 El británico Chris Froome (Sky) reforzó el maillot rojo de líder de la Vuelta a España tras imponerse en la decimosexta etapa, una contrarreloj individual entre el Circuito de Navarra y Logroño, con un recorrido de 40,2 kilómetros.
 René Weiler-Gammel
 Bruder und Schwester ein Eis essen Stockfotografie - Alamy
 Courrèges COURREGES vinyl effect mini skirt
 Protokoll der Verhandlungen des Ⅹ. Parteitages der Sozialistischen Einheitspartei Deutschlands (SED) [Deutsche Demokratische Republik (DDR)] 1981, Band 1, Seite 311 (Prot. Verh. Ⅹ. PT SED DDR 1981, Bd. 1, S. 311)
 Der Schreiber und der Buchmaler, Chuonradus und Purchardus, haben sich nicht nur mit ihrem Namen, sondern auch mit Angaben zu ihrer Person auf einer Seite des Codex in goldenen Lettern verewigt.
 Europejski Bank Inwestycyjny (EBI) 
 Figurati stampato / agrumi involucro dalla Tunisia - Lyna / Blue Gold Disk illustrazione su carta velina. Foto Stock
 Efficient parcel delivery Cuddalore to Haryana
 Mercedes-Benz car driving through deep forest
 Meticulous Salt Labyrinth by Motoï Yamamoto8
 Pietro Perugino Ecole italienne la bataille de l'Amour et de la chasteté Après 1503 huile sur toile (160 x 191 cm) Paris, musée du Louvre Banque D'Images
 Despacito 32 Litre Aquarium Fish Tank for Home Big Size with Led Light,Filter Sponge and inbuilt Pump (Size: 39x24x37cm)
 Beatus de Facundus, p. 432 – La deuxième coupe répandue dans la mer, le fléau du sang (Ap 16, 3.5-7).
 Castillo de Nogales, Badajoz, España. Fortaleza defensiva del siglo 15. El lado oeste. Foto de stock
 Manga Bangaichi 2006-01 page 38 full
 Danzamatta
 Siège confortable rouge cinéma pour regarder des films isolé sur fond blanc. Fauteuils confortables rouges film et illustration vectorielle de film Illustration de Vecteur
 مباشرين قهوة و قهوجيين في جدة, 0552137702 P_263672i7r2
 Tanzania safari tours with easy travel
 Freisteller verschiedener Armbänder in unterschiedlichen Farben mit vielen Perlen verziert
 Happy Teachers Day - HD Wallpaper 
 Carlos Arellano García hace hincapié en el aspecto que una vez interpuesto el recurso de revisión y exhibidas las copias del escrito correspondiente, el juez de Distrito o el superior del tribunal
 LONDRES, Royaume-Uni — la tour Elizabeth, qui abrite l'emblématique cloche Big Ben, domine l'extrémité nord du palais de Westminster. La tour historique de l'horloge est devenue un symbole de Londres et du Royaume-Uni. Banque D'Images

+ + + +

_WORK REQUEST_
Restate all the material exactly, word for word.

_TASK SOLUTION_
 El británico Chris Froome (Sky) reforzó el maillot rojo de líder de la Vuelta a España tras imponerse en la decimosexta etapa, una contrarreloj individual entre el Circuito de Navarra y Logroño, con un recorrido de 40,2 kilómetros.
 René Weiler-Gammel
 Bruder und Schwester ein Eis essen Stockfotografie - Alamy
 Courrèges COURREGES vinyl effect mini skirt
 Protokoll der Verhandlungen des Ⅹ. Parteitages der Sozialistischen Einheitspartei Deutschlands (SED) [Deutsche Demokratische Republik (DDR)] 1981, Band 1, Seite 311 (Prot. Verh. Ⅹ. PT SED DDR 1981, Bd. 1, S. 311)
 Der Schreiber und der Buchmaler, Chuonradus und Purchardus, haben sich nicht nur mit ihrem Namen, sondern auch mit Angaben zu ihrer Person auf einer Seite des Codex in goldenen Lettern verewigt.
 Europejski Bank Inwestycyjny (EBI) 
 Figurati stampato / agrumi involucro dalla Tunisia - Lyna / Blue Gold Disk illustrazione su carta velina. Foto Stock
 Efficient parcel delivery Cuddalore to Haryana
 Mercedes-Benz car driving through deep forest
 Meticulous Salt Labyrinth by Motoï Yamamoto8
 Pietro Perugino Ecole italienne la bataille de l'Amour et de la chasteté Après 1503 huile sur toile (160 x 191 cm) Paris, musée du Louvre Banque D'Images
 Despacito 32 Litre Aquarium Fish Tank for Home Big Size with Led Light,Filter Sponge and inbuilt Pump (Size: 39x24x37cm)
 Beatus de Facundus, p. 432 – La deuxième coupe répandue dans la mer, le fléau du sang (Ap 16, 3.5-7).
 Castillo de Nogales, Badajoz, España. Fortaleza defensiva del siglo 15. El lado oeste. Foto de stock
 Manga Bangaichi 2006-01 page 38 full
 Danzamatta
 Siège confortable rouge cinéma pour regarder des films isolé sur fond blanc. Fauteuils confortables rouges film et illustration vectorielle de film Illustration de Vecteur
 مباشرين قهوة و قهوجيين في جدة, 0552137702 P_263672i7r2
 Tanzania safari tours with easy travel
 Freisteller verschiedener Armbänder in unterschiedlichen Farben mit vielen Perlen verziert
 Happy Teachers Day - HD Wallpaper 
 Carlos Arellano García hace hincapié en el aspecto que una vez interpuesto el recurso de revisión y exhibidas las copias del escrito correspondiente, el juez de Distrito o el superior del tribunal
 LONDRES, Royaume-Uni — la tour Elizabeth, qui abrite l'emblématique cloche Big Ben, domine l'extrémité nord du palais de Westminster. La tour historique de l'horloge est devenue un symbole de Londres et du Royaume-Uni. Banque D'Images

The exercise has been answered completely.